И потом, она дает тебе преимущество, помогает развиваться. Ты видишь людей в критические моменты, когда проявляются их самые сильные и самые слабые стороны. Когда с них слетает шелуха повседневных забот и им приходится воспринимать себя серьезно, в обстановке торжественности и ритуала. Однако человеку на моем месте не стоит перебарщивать с официозом. Поэтому и шутка бывает уместна. Вот почему я говорю: Вик Таккер, к вашим услугам.

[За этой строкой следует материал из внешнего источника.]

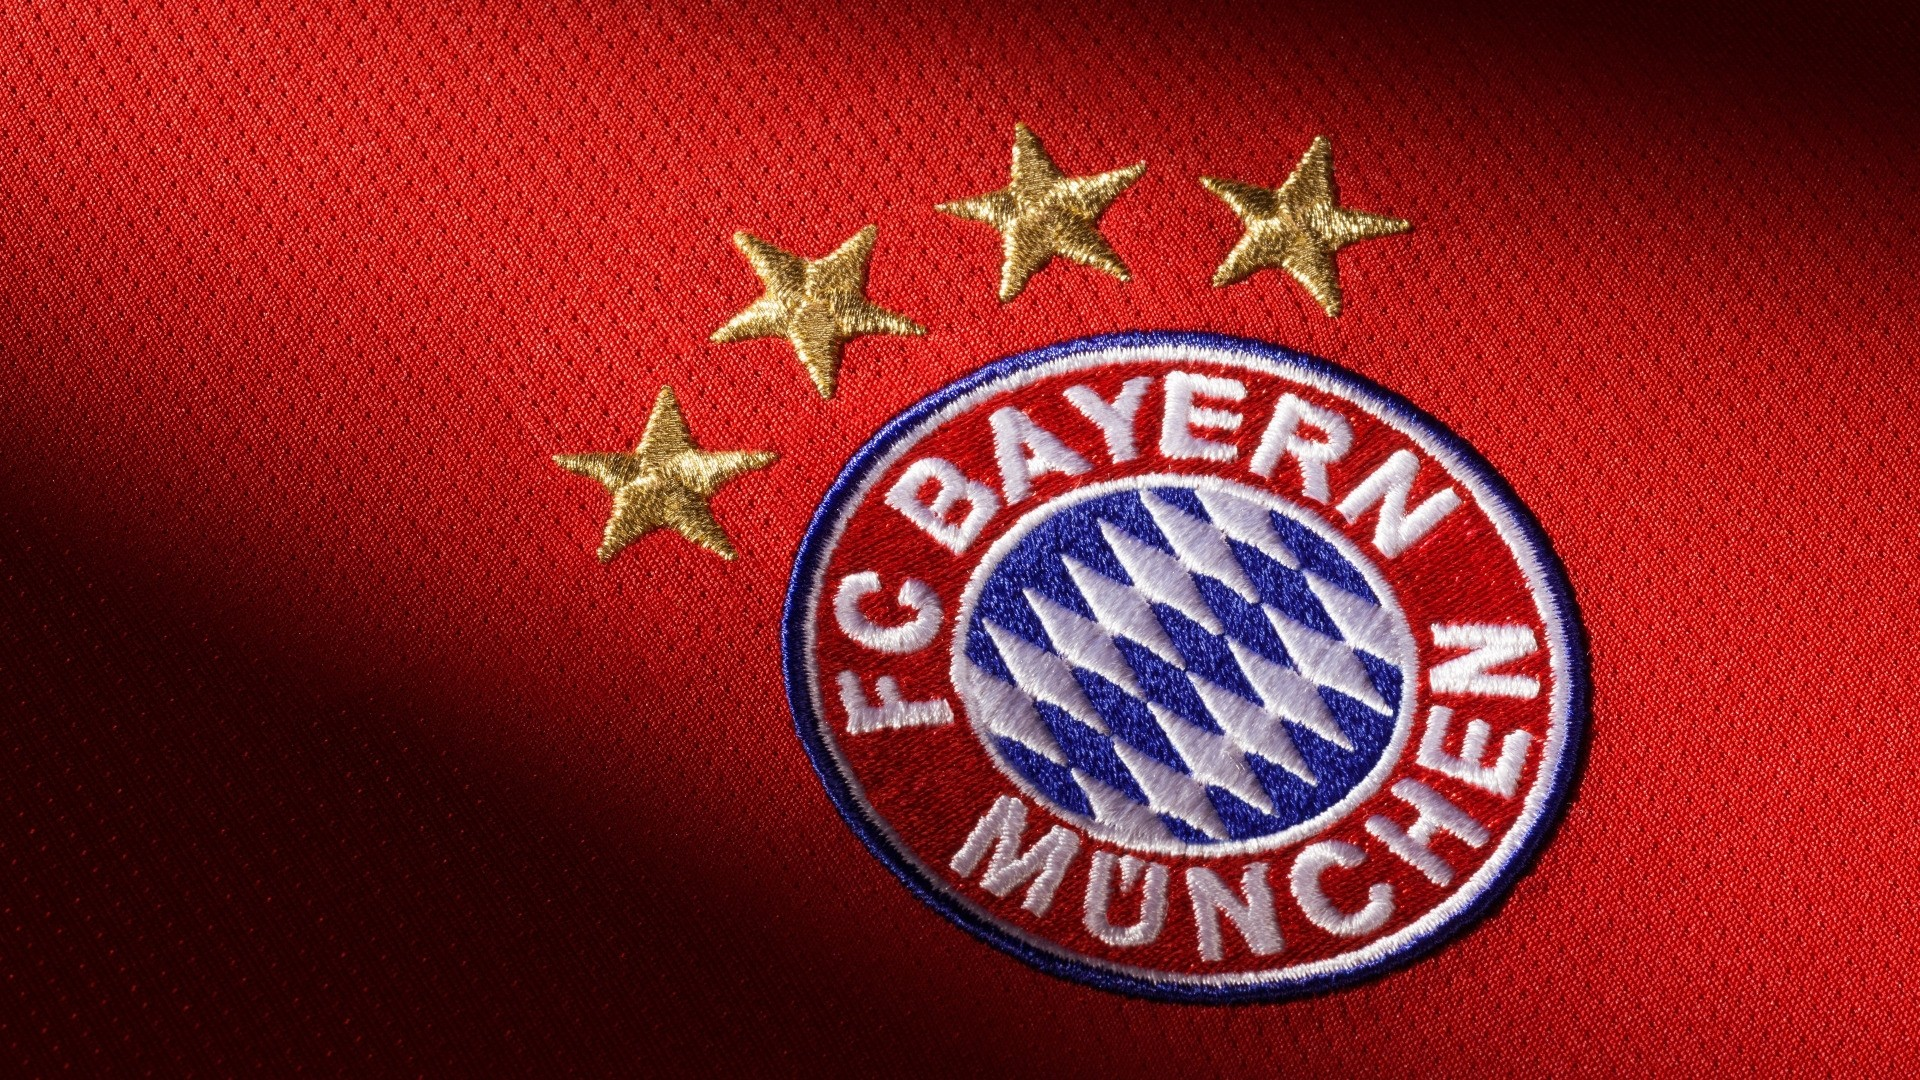 Bayern Munich Desktop Wallpaper
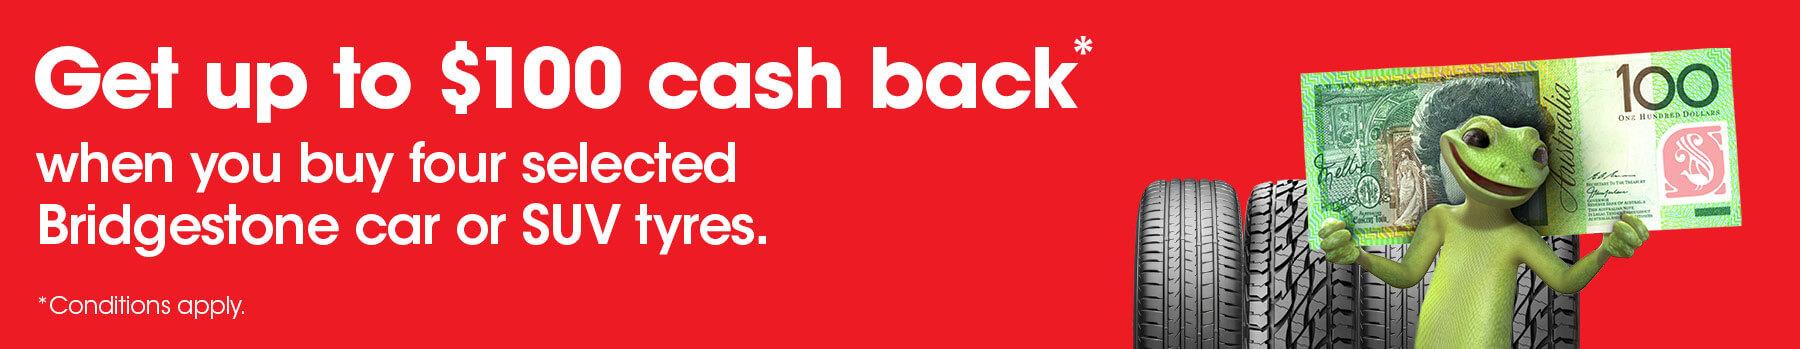 Get up to $100 cash back
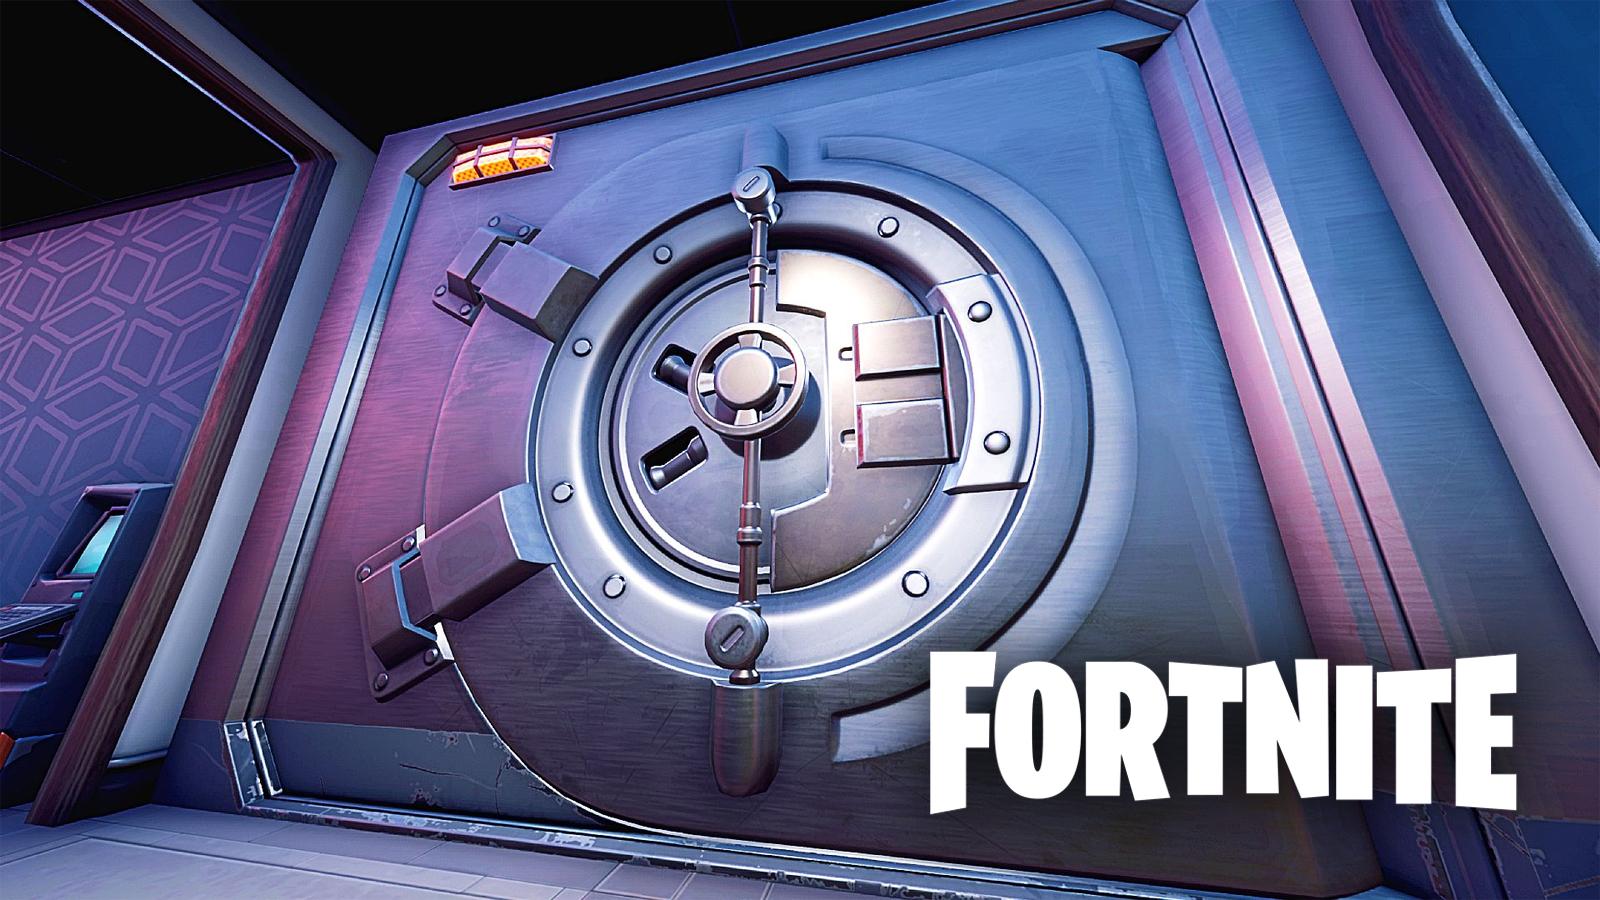 Fortnite Vault for 2FA

Эту профессию выбирают немногие. К ней надо привыкать с младых ногтей, перенимать ее от отца. Она передается в семье, как сама смерть, от поколения к поколению, и в этом есть что-то успокаивающее. Мою работу не назовешь престижной. Но я ею доволен, я горжусь ею. Если в тебе нет этой гордости, ты не сможешь руководить похоронами. Когда ты выступаешь вперед и Медленно шагаешь перед катафалком, в пиджаке, шляпе и перчатках, тебе нельзя выглядеть так, точно ты извиняешься. Ты должен сделать то, чего хотят люди, потерявшие близкого и дорогого им человека. Ты должен сделать так, чтобы весь мир остановился и посмотрел вам вслед. Бывают случаи, когда владельцу похоронного бюро приходится давить на других почище полисмена. Но иначе похорон не организуешь. Когда люди не знают, как себя вести, им надо подсказать, а ведь большинство людей перед лицом смерти совершенно теряется, это факт. И когда хоронили Джека, было то же самое, что тысячу раз прежде. Опускаются занавеси, начинает играть музыка, и никто не знает, можно ли теперь повернуться и уйти. Некому сказать: финита ля комедия. Там сидел Рэйси, вместе с Эми, – в переднем ряду, около прохода, – и смотрел прямо перед собой, пока я не подошел туда, не тронул его за плечо и не прошептал ему в ухо, как шептал уж не знаю скольким другим: «Ты можешь идти, Рэйси. Все пойдут за тобой. Эми тоже». И в это мгновение Рэй Джонсон, известный друзьям под кличкой Счастливчик, был в моих руках точно воск, точно сонный ребенок, которого я отправляю в постель.

***

Я наблюдал за тем, как Джек убирает с подносов остатки мяса, складывает вместе веточки искусственной зелени, потом вытирает прилавок, размеренно, не останавливаясь, как будто он может делать все это с закрытыми глазами, – но в то же время действуя аккуратно, без суеты, тем более что и день был жаркий. И я подумал: сегодня он рано закругляется, да и вообще, давненько я не видел, чтобы он занимался этим сам, обычно все убирает тот парнишка, который, по словам Джека, не отличает лопатки от филея и не способен удержать в голове цены. Разве что Джек и его уже успел рассчитать. И этот красно-белый навес совсем обтрепался, пора менять: больше года он явно не протянет.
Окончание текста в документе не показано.